== GIVEN DATA ==
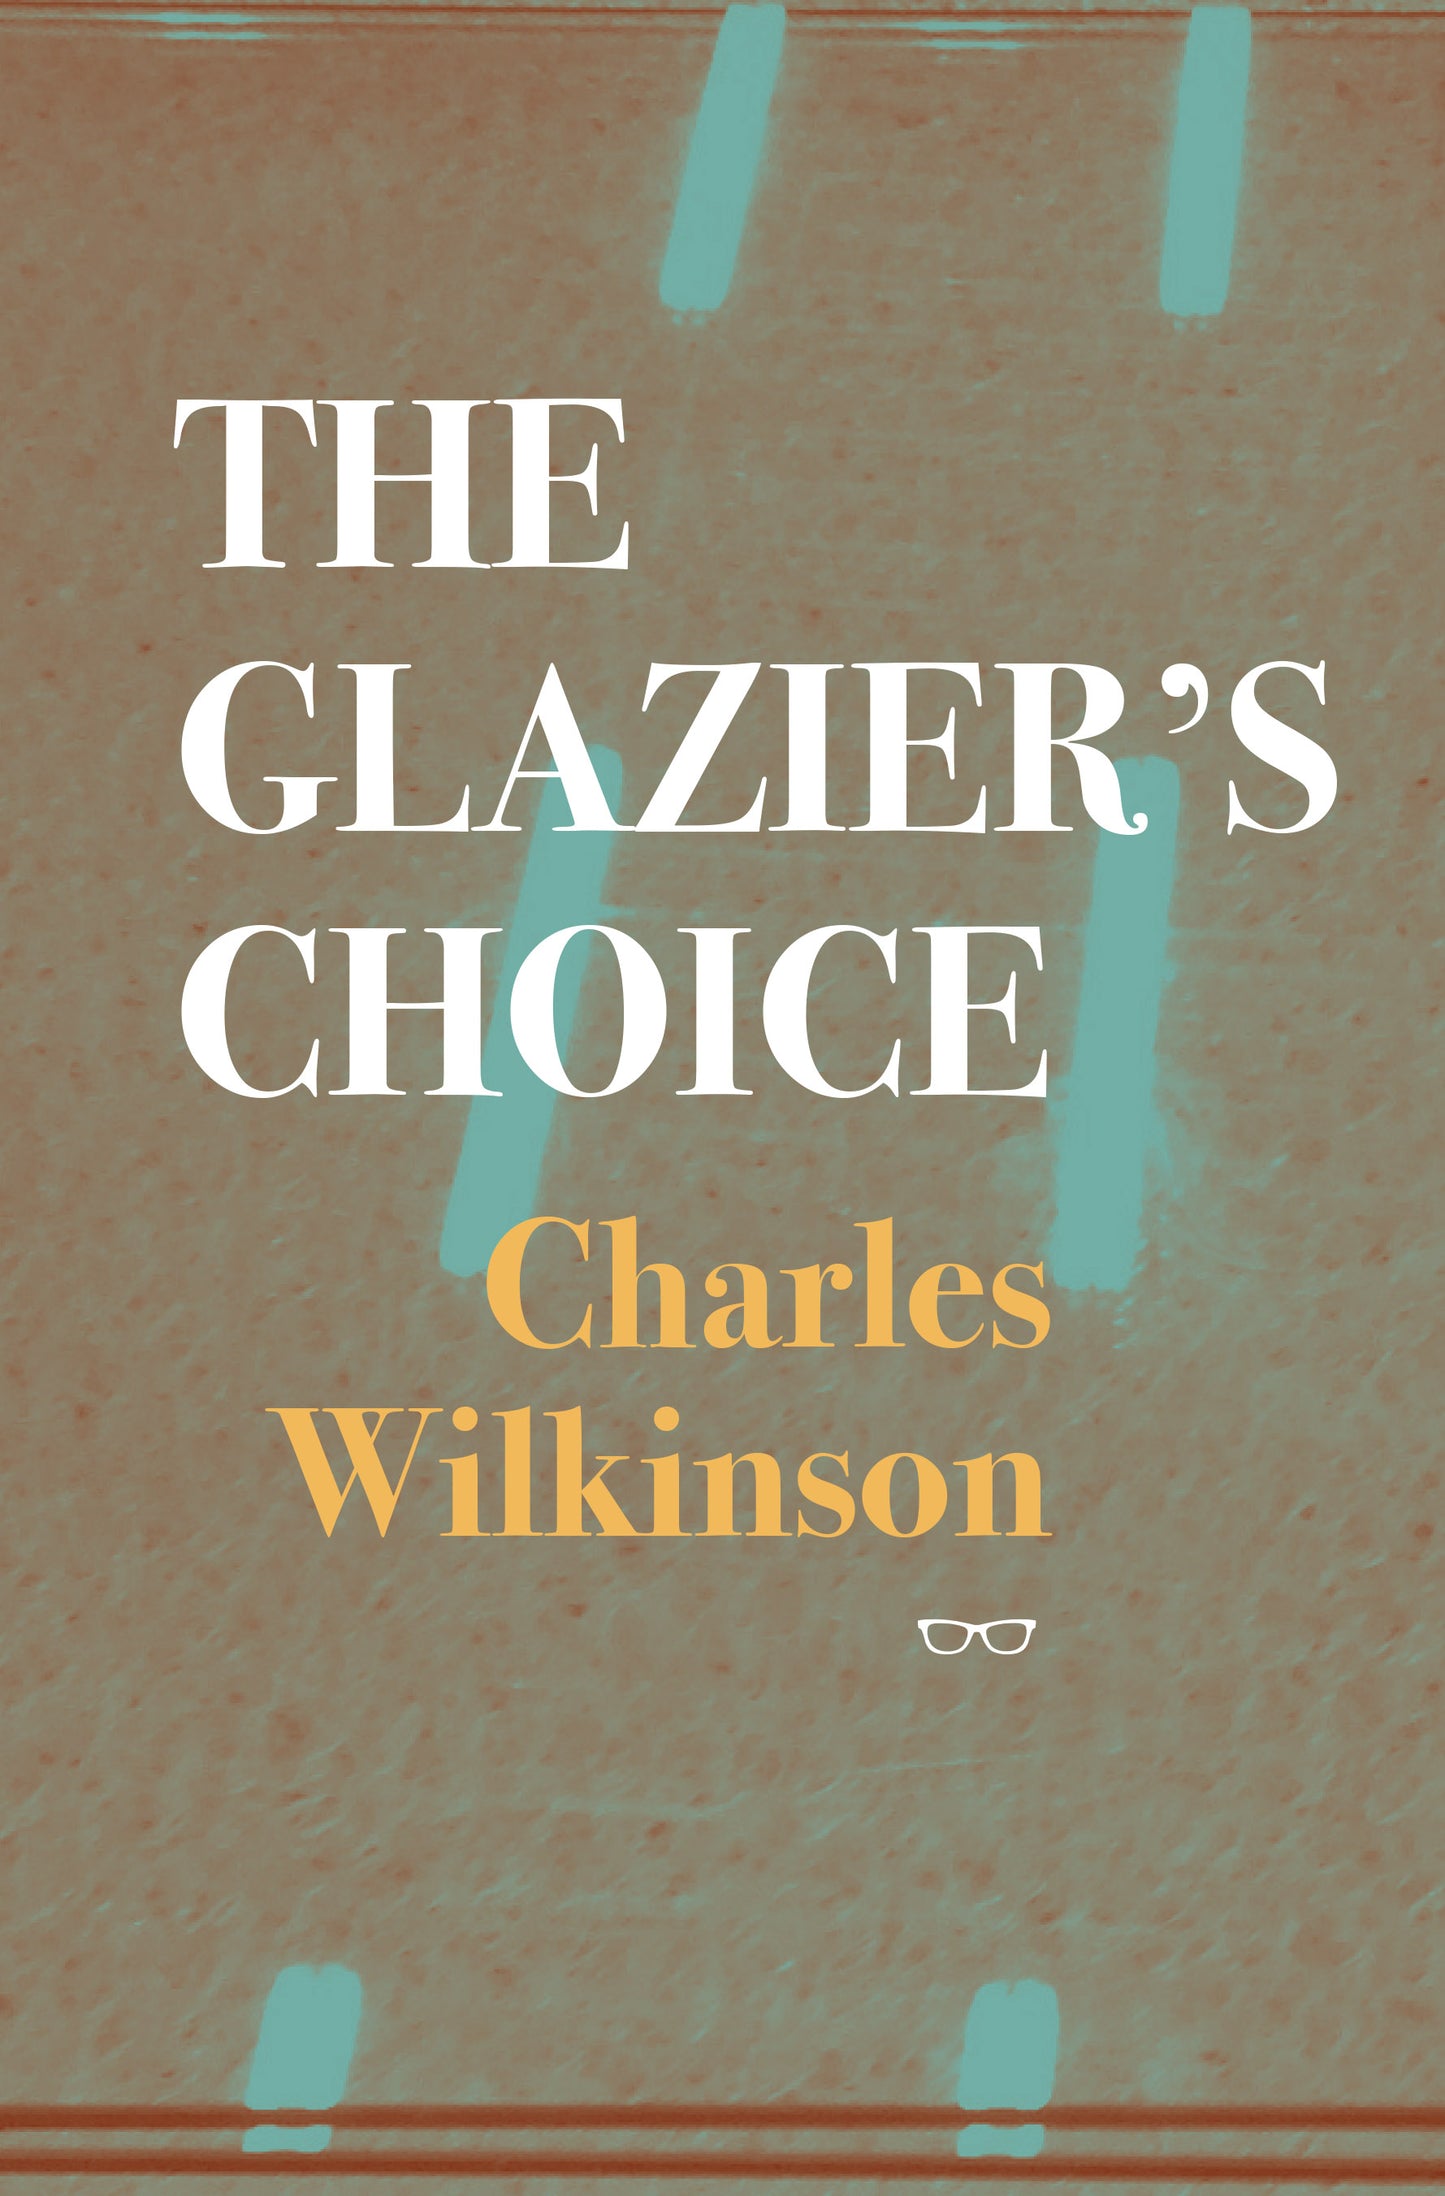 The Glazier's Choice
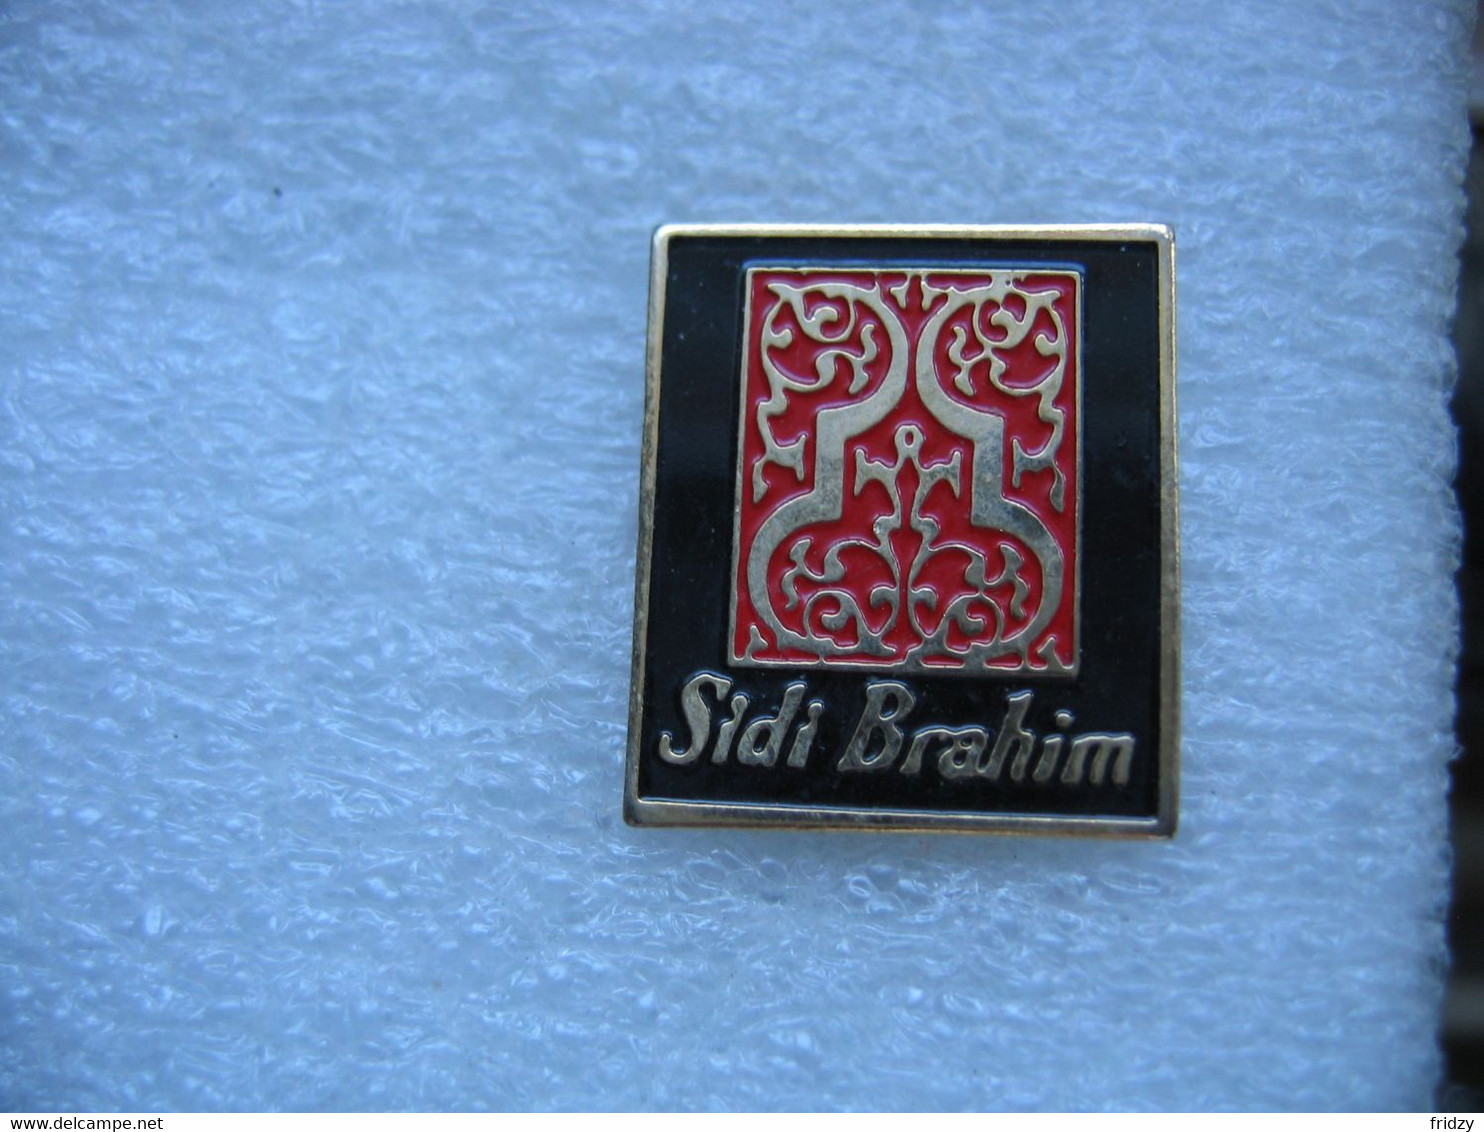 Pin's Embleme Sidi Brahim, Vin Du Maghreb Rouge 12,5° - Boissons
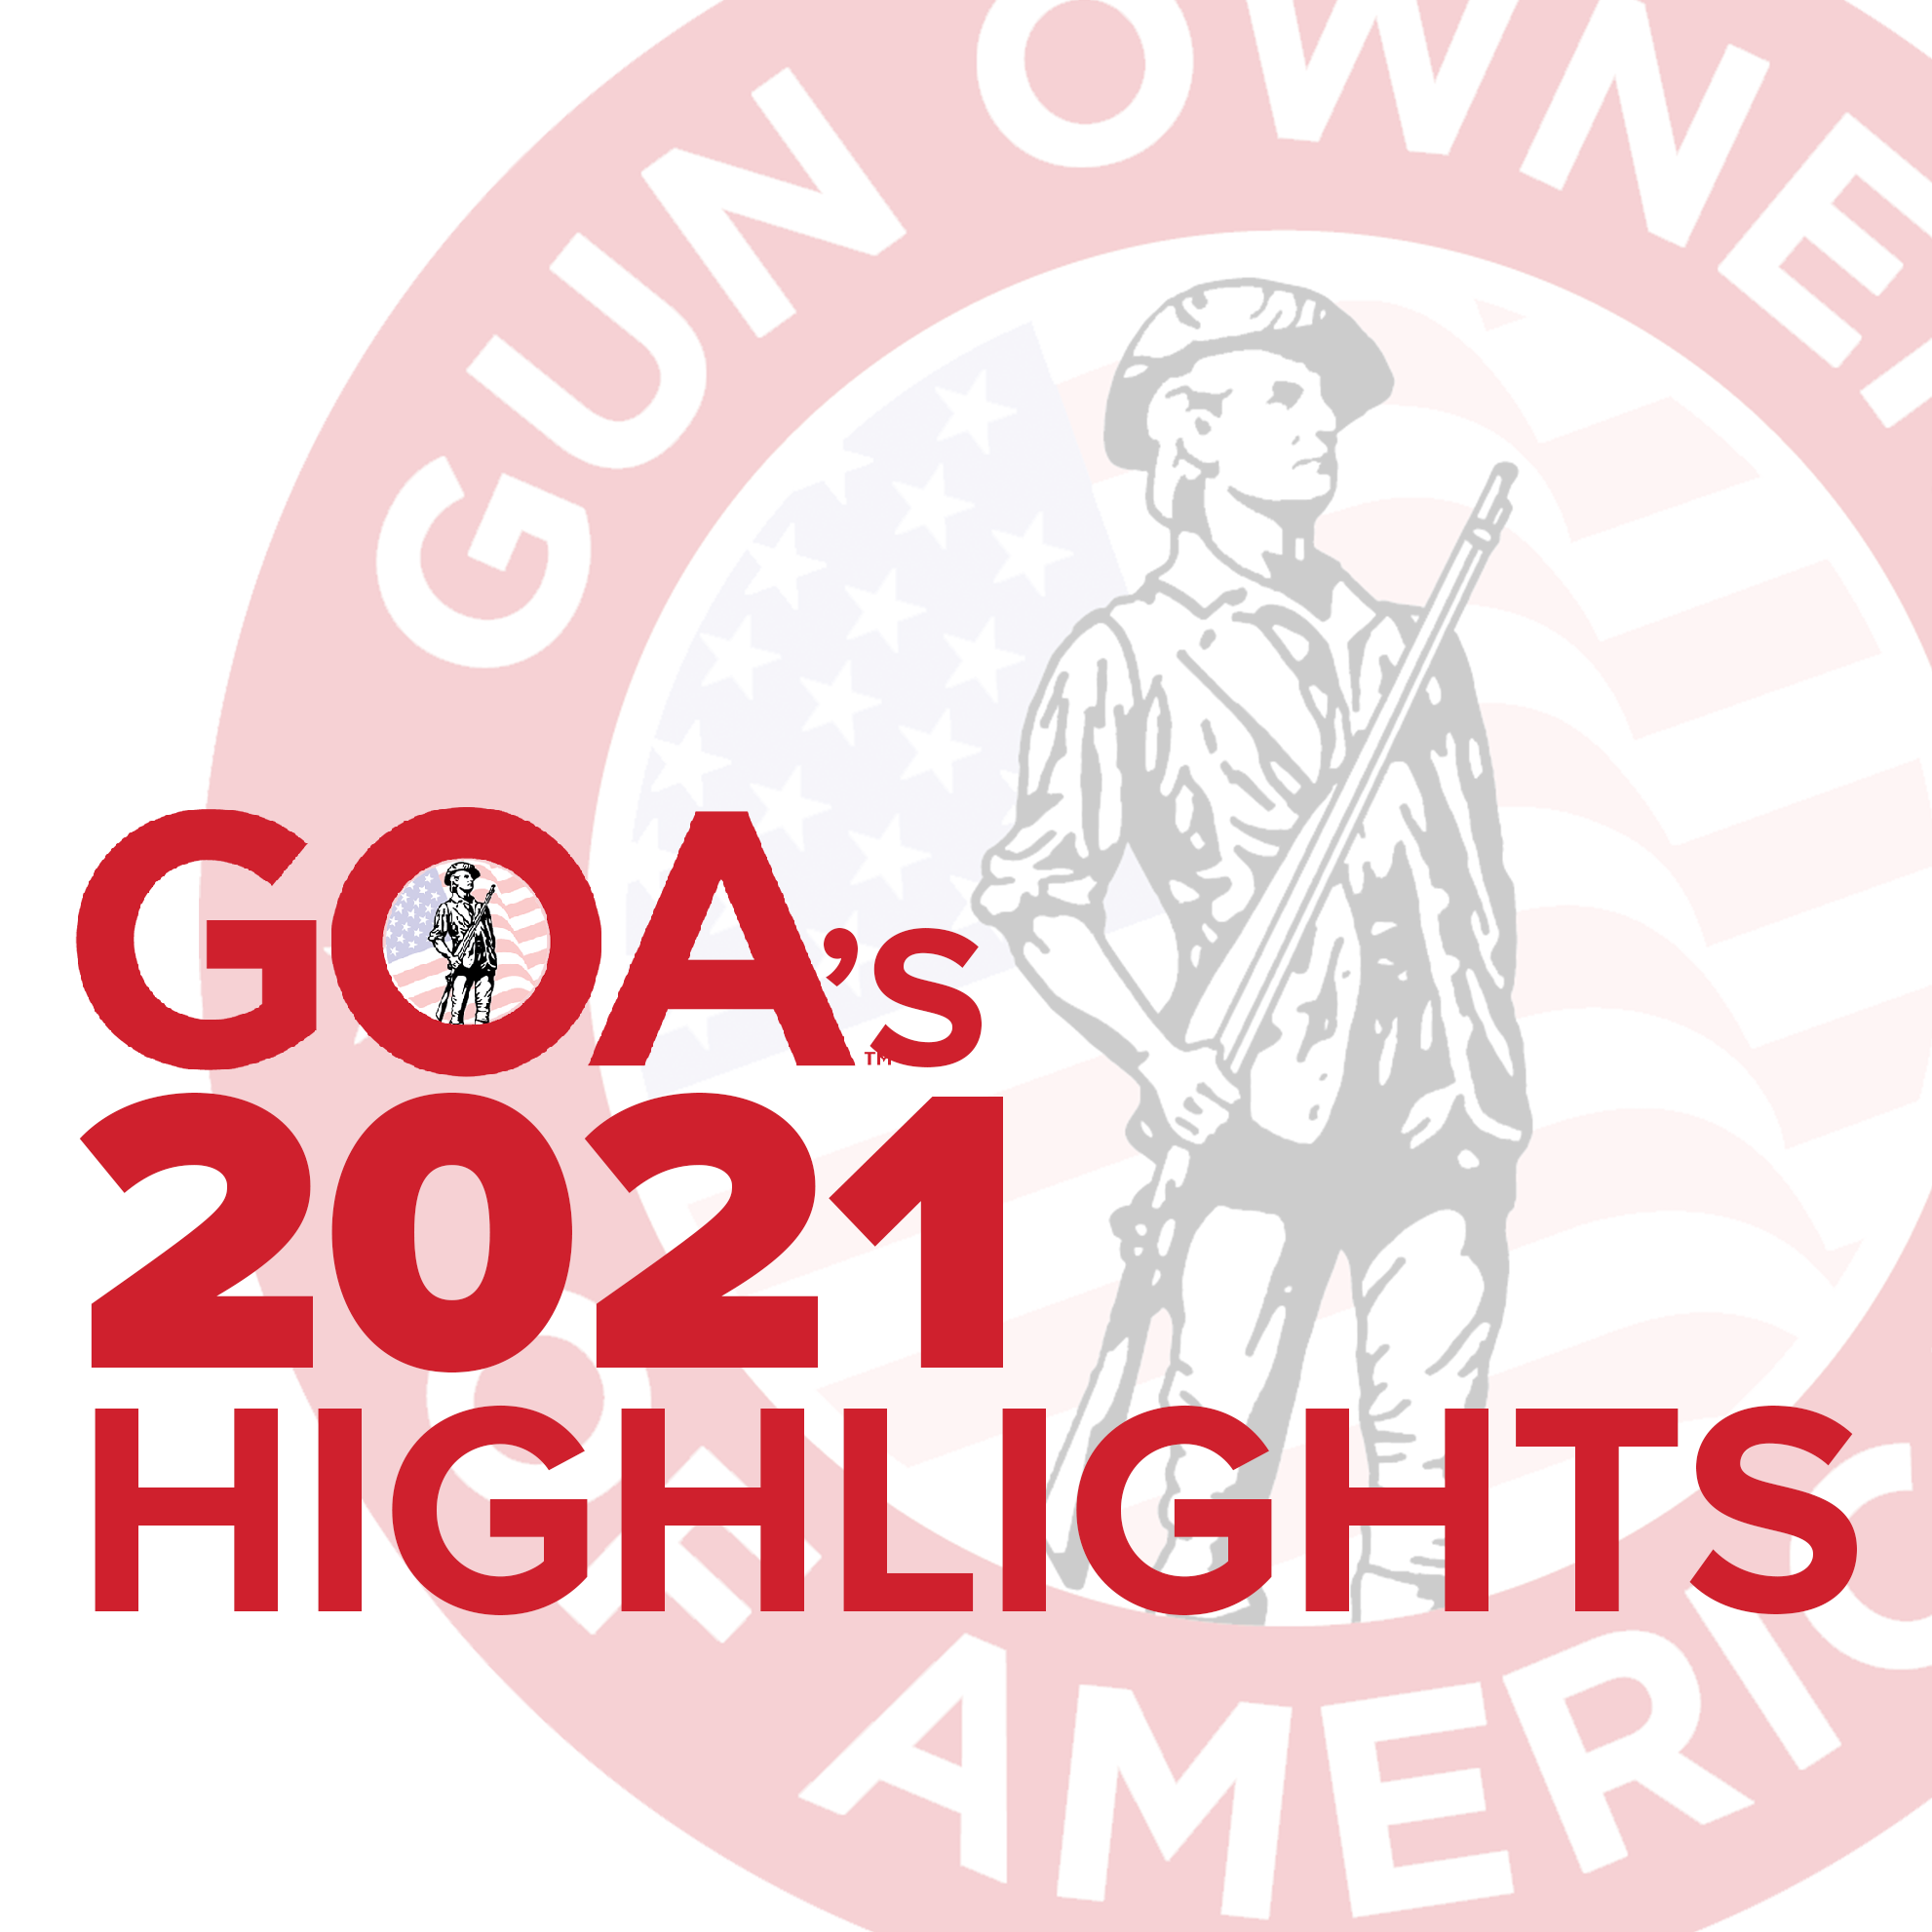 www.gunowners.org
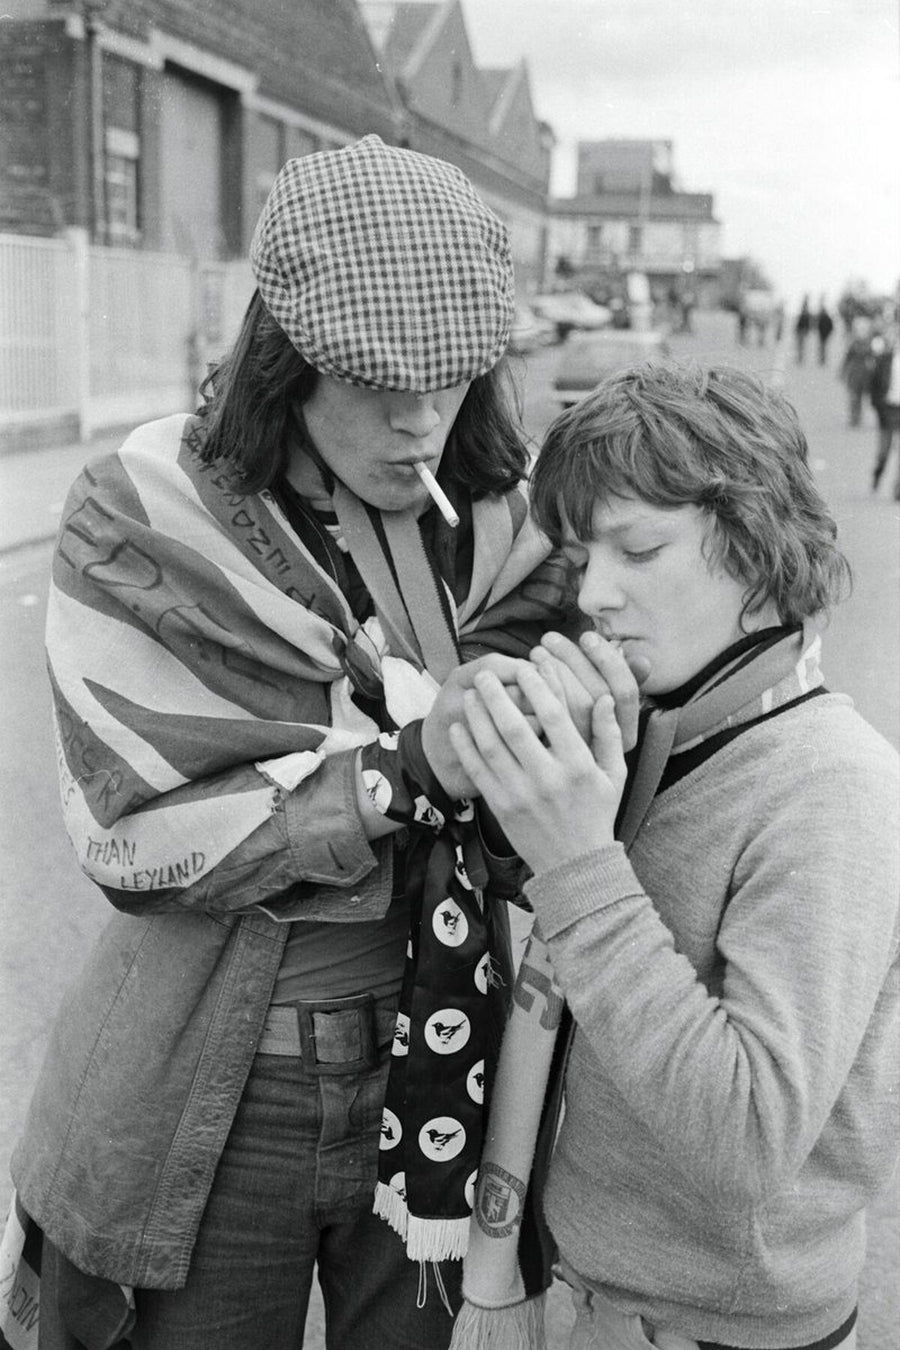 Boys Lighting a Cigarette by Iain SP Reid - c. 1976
===
_TASK GOAL:_ Transcribe the whole listing, character for character, but not its images.

_REPLY:_
 The Glazier's Choice
 Pin's Embleme Sidi Brahim, Vin Du Maghreb Rouge 12,5° - Boissons
 www.gunowners.org
 Boys Lighting a Cigarette by Iain SP Reid - c. 1976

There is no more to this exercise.